While there are no easy answers to the pervasive poverty and inequality in the Subcontinent, long-term capital is likely to be an important part of the solution. Private owners with long-term horizons who are willing to promote sustainable development stand to benefit disproportionately. The Company’s recent acquisition of Dr Lal Pathlabs is a case in point. Here, there is a sizeable business opportunity for the provision of affordable and high quality healthcare to the broader population. To realise this prospect, however, requires patience and a willingness to balance profits with the equitable provision of a necessary service. Should Dr Lal choose to preference short-term profitability over long-term durability, then the opportunity is liable to be squandered. At Stewart Investors we believe that the balance between profit and social development is best understood by family owned companies.
The Indian Subcontinent is unique in that it is home to a large number of listed companies with family owners and professional stewards. Many of the families we admire have managed succession over multiple generations. This promotes cultural continuity and provides a deep well of experience, from which management can draw during difficult times. High quality stewards such as the Tatas and the Godrej family, have profitably invested in the region’s development while retaining their moral compass and sense of purpose over many decades. Similarly, some foundations like the Bangladesh Relief Action Committee (BRAC) have similar characteristics to families and have proven to be excellent stewards.
BRAC started as a non-governmental organisation (NGO) in the 1970s and quickly realised that to create large scale impact they would need to incubate private businesses. Through their listed businesses, BRAC Bank and Delta BRAC Housing Finance, the foundation is leading efforts to raise financial inclusion and provide affordable housing for millions of Bangladeshis. BRAC is the parent of many enterprises and the dividends from these companies fund their many social and developmental commitments, much like the successful Tata Trusts in India.
In addition to families and foundations, many Subcontinent listed multinational subsidiaries have proven to be good stewards. One of the primary reasons Hindustan Unilever has been so successful is because of their belief that serving the bottom of the pyramid2 is essential for socio-economic development. From this understanding flows sustainable and profitable growth. Selling a bar of affordable soap to people who live on a few dollars a day requires a culture of product innovation and a long-term commitment to expensive distribution networks. In contrast, the Indian subsidiary of Proctor & Gamble has never exhibited the vision nor the time horizon to follow this path. Consequently, their revenues and market capitalisation3 are a small fraction of those achieved by Hindustan Unilever. These examples highlight a preference for future growth over short-term maximisation which is determined by the presence of quality stewards.
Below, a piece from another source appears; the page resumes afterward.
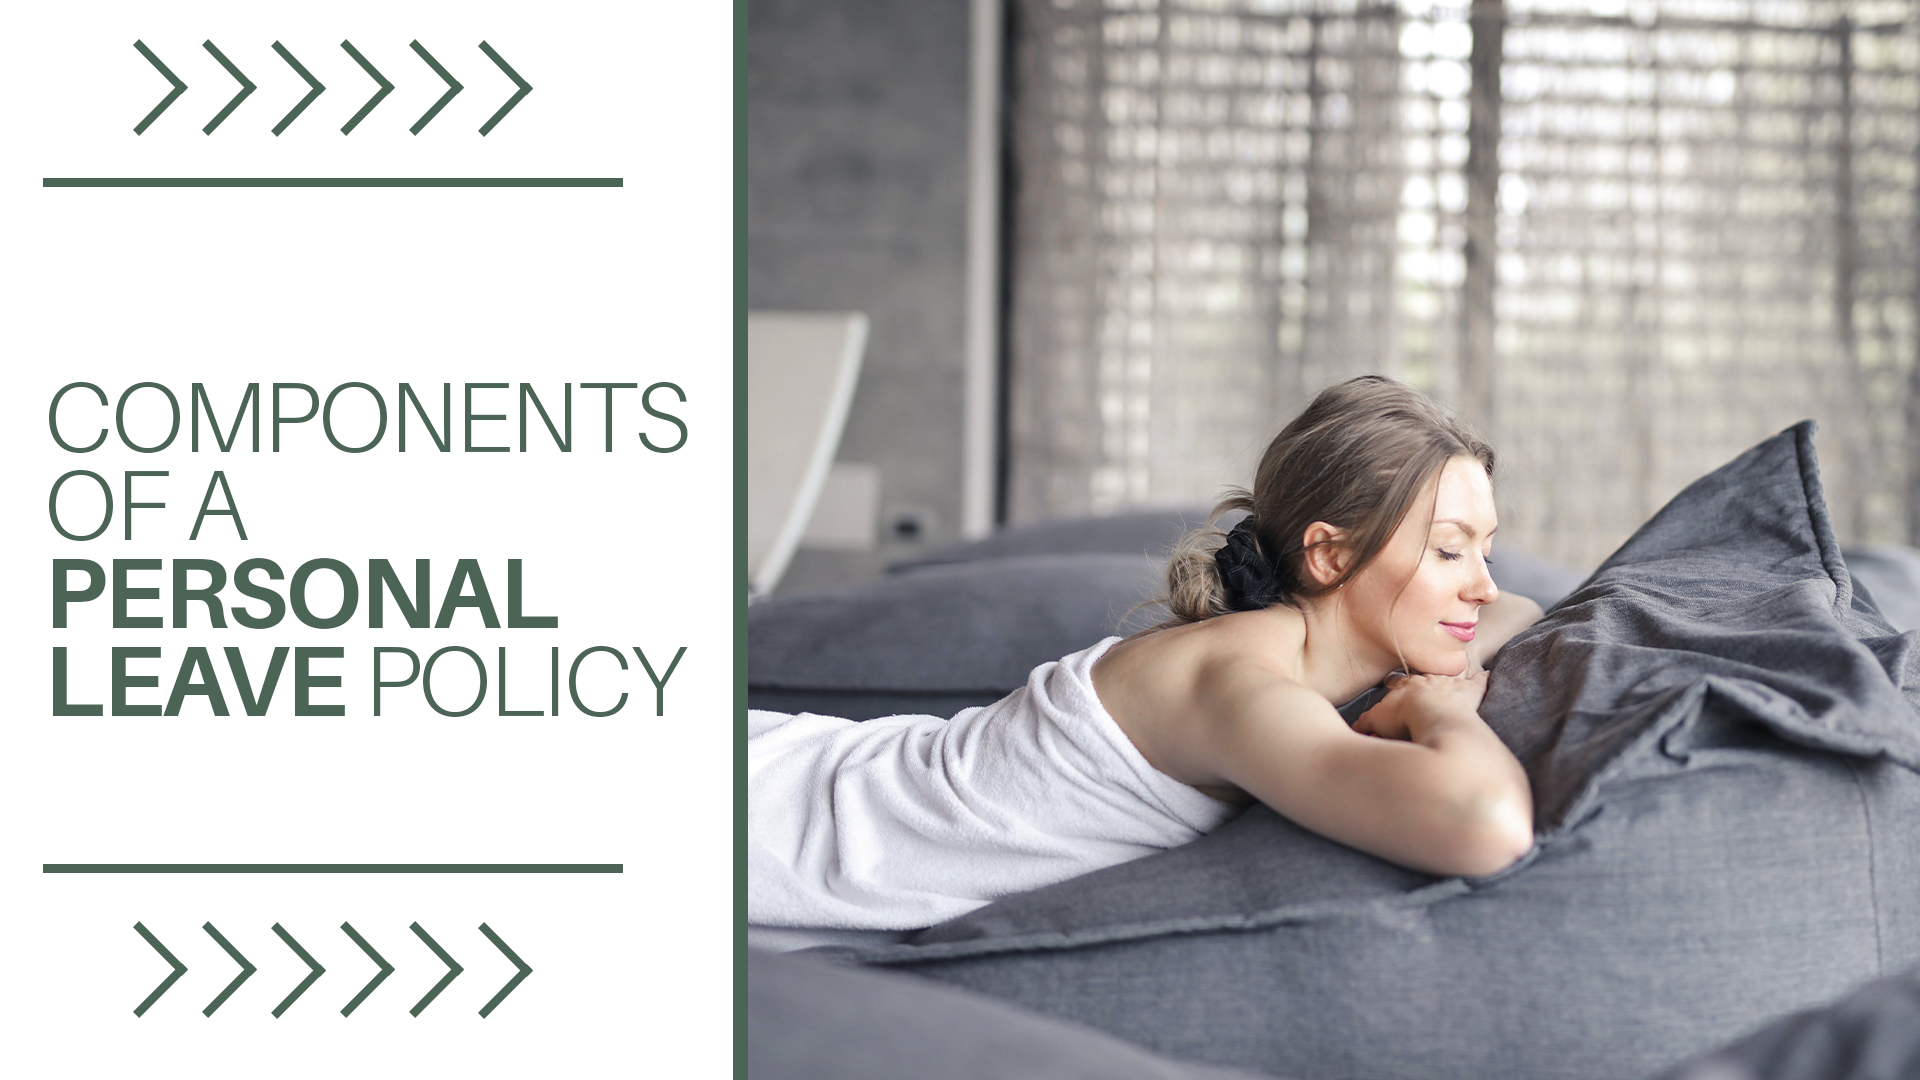 Components of a Personal Leave Policy

2 Bottom of the pyramid refers to the poorest sections of society.
3 Market capitalisation is the value of a company on the stock market.
Stewards not sectors
At Stewart Investors we do not view the composition of our clients’ portfolios by index sectors or geography but by the quality of stewards to whom we allocate clients’ savings. We often find the closer owners are to a company’s foundations the stronger the sense of purpose and culture. Owners with long histories are also more likely to navigate successfully the many difficult periods that will undoubtedly unfold. It is these properties which align with the core of our investment philosophy – the principle of absolute return. To us, risk is the permanent loss of our clients’ savings. It is not a deviation from an arbitrary benchmark. As a result, we believe there is no price worth paying for a company that has poor long-term sustainability positioning. We assess sustainability through frequent engagement with management. It is important to note that engagement is not a separate function or input. Instead it is an integral part of our process and involves each member of our investment team.
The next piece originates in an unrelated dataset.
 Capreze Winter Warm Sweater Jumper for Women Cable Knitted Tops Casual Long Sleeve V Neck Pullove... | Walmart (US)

When we identify a material issue that could harm an investment case, we try to engage with the company to explore what can be done to improve the situation. Often it is management’s reaction to such issues that is revealing. The sale of China Mengniu Dairy, during this period, serves as an example. Here, we repeatedly highlighted the risk of grazing thirsty cows in areas recording low water tables. That management consistently ignored the importance of this challenge highlighted poor risk assessment and low quality stewardship. Conversely, we enjoyed very positive engagement from Ayala Corporation on their coal-fired power stations and with our Indian consumer companies on the issue of plastic packaging disposal. Unlike the example of China Mengniu Dairy, the stewards were extremely open to discussion and established plans to overcome their challenges. It is engagements such as these that instil confidence that the franchises are insulated from long-term risk and that the stewards are worthy recipients of our clients’ savings.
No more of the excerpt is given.